If you ask Scottsdale residents how they feel about teachers, fire fighters, our seniors, our parks, or support for recreation and athletic programs for all ages, you hear people gush about how much they admire teachers. How proudly fire fighters serve. How much you care about our community.

Today I want talk about teachers.

If you really love your kids’ teachers, show them. This time they need you more than we need them. More than anyone, our teachers will suffer if you don’t vote yes.

In the early part of this decade two override elections failed. State funding for schools was also being cut, and despite stories to the contrary full funding has never been restored.

How were teachers and our classrooms impacted?

I sat on the 2012-13 SUSD Budget Committee. I saw first hand the painful decisions that were made.

If we fail to pass the override, expect a repeat of most or all of these devastating results.

Over 220 teachers received Reduction In Force notices in just one year. Over 100 of them were eliminated immediately.

Others were reassigned to lesser duties. We had 1,418 teachers in SUSD in 2011 when the first override failed. By 2015, only 1,240 were still employed.

That horrible number doesn’t tell the whole story. Those with the most experience were most likely to be pushed out and then replaced.

It’s not legal to discriminate based on age, but those who had the highest pay levels were at great risk of not showing up again --- something that the former administration should be castigated for having done, but it happened.

Those teachers who remained had their pay frozen. Their take home pay fell as they were charged more each year for things like health coverage.

We passed the override again in late 2014, but the budget for 2014-15 was already set in place. That same year average gross pay for our teachers had dropped by $5,714. Take home pay had dropped even more as deductions for health care rose.

We had increased class sizes. We had cut art, P.E., and music from the K-5 programs. We had even cut a half day on Wednesdays.

Yes, those same things will happen if the override fails. There is no “fat to cut” --- OK, that’s not true --- there is a little fat to cut as there is in every budget on earth. But not nearly enough to avoid the same draconian cuts that we were forced to make in 2014.

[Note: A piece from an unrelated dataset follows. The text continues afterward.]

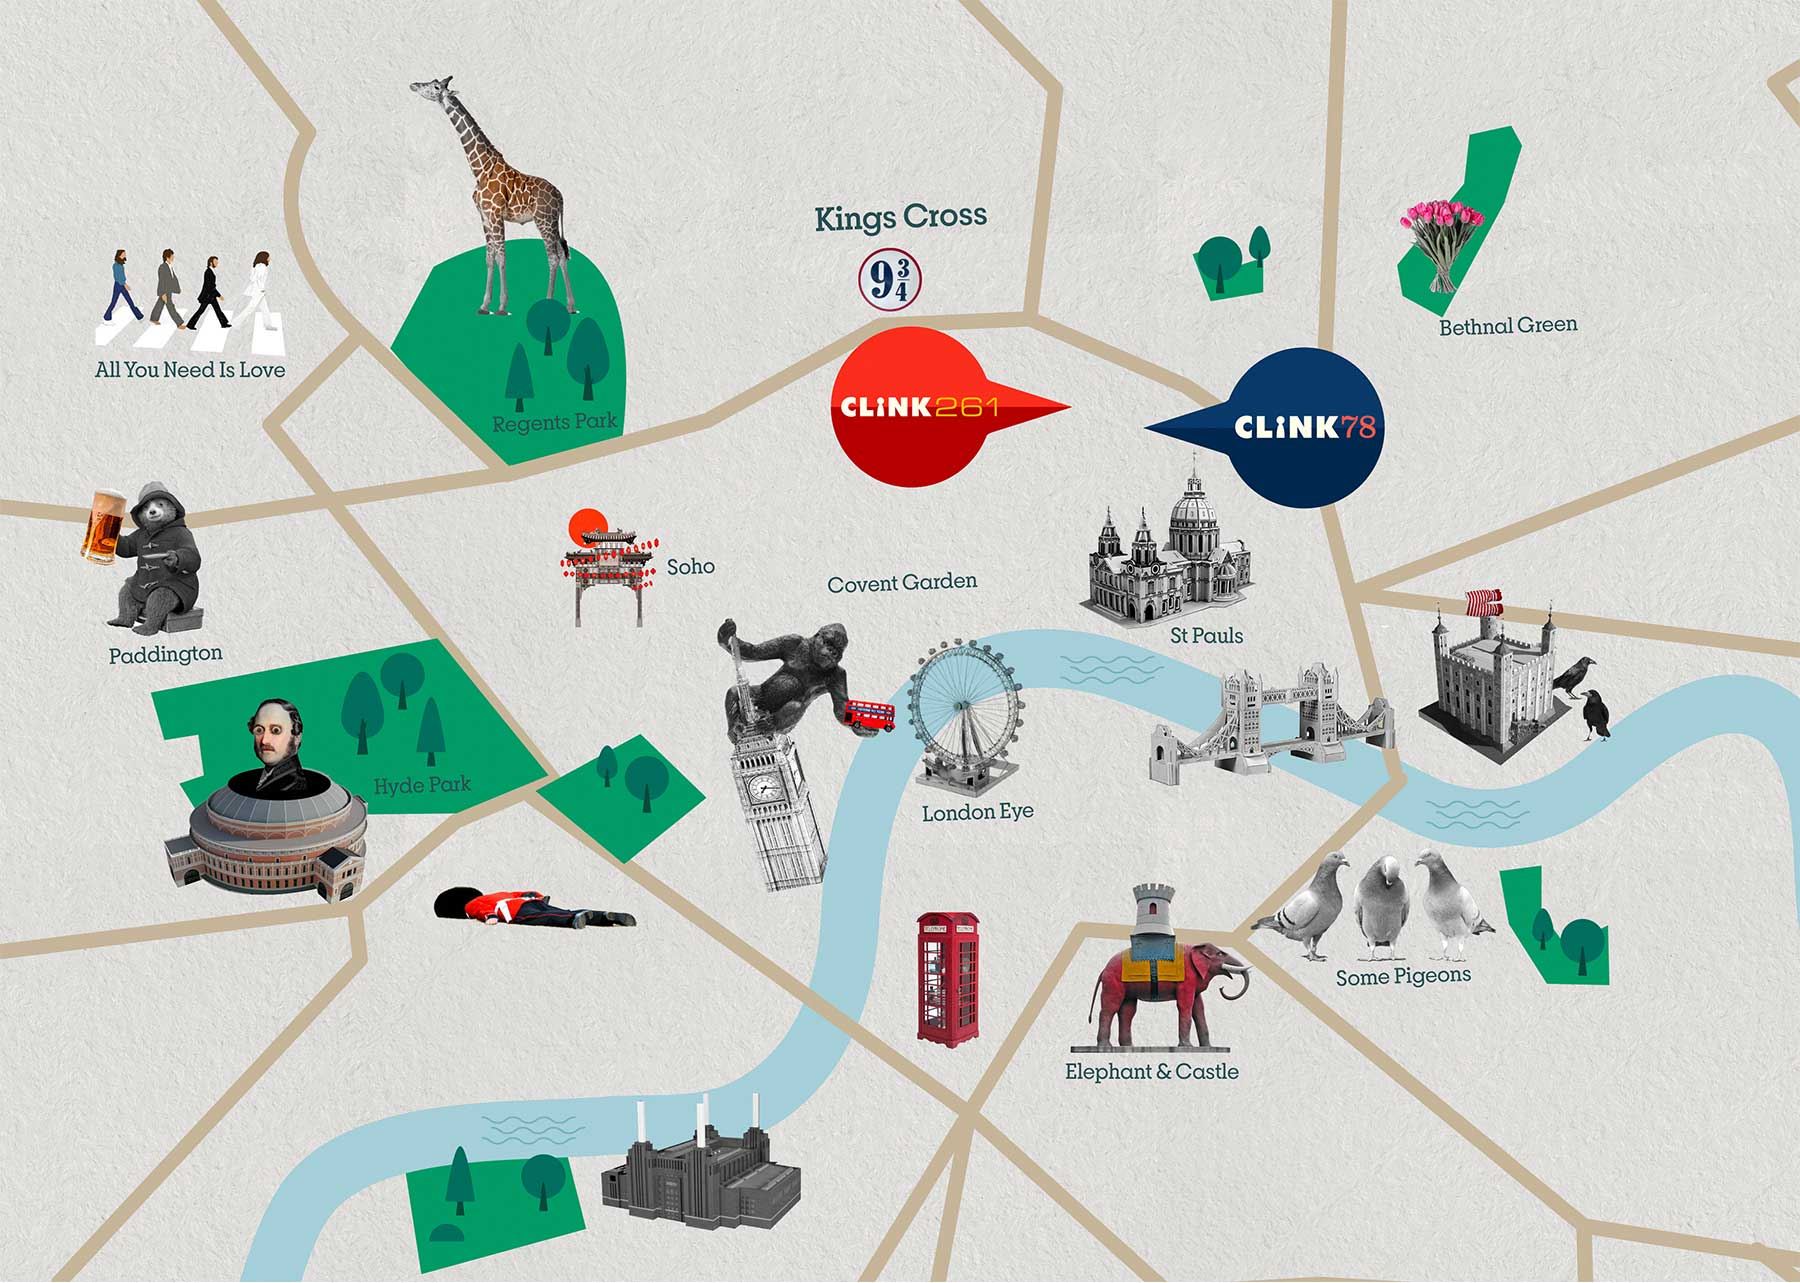 London City's attractions, along with Clink 261 and Clink 78 on the map

Here is one way to look at it. If we lose the override we will lose more than $19.5 million of annual funding. How would your neighborhood school possibly handle a $650,000 cut to spending? Walk on your campus. Count the people working there.

Realize that 8-12 of them have to be cut if we lose the override. What will your campus look like after that happens? Who would you want to see gone? Who do you think your school could do without? What would your school be like next year?

As state report cards, growing enrollment and state leading AZ Merits test scores prove, SUSD is arguably the top district in this state.

We have regained much of our luster over the last four years despite being forced to wrestle control of the district away from a couple of tyrannical people.

Don’t give back the progress. Don’t push SUSD back in to the darkness of the 2012-15 era.

Say “yes” to your teacher. And yourself.

You’re voting to give yourself a better city and school. Give yourself that present today. Mail that ballot.

Editor’s Note: Mike Norton is a Scottsdale resident and father of Scottsdale Unified School District students.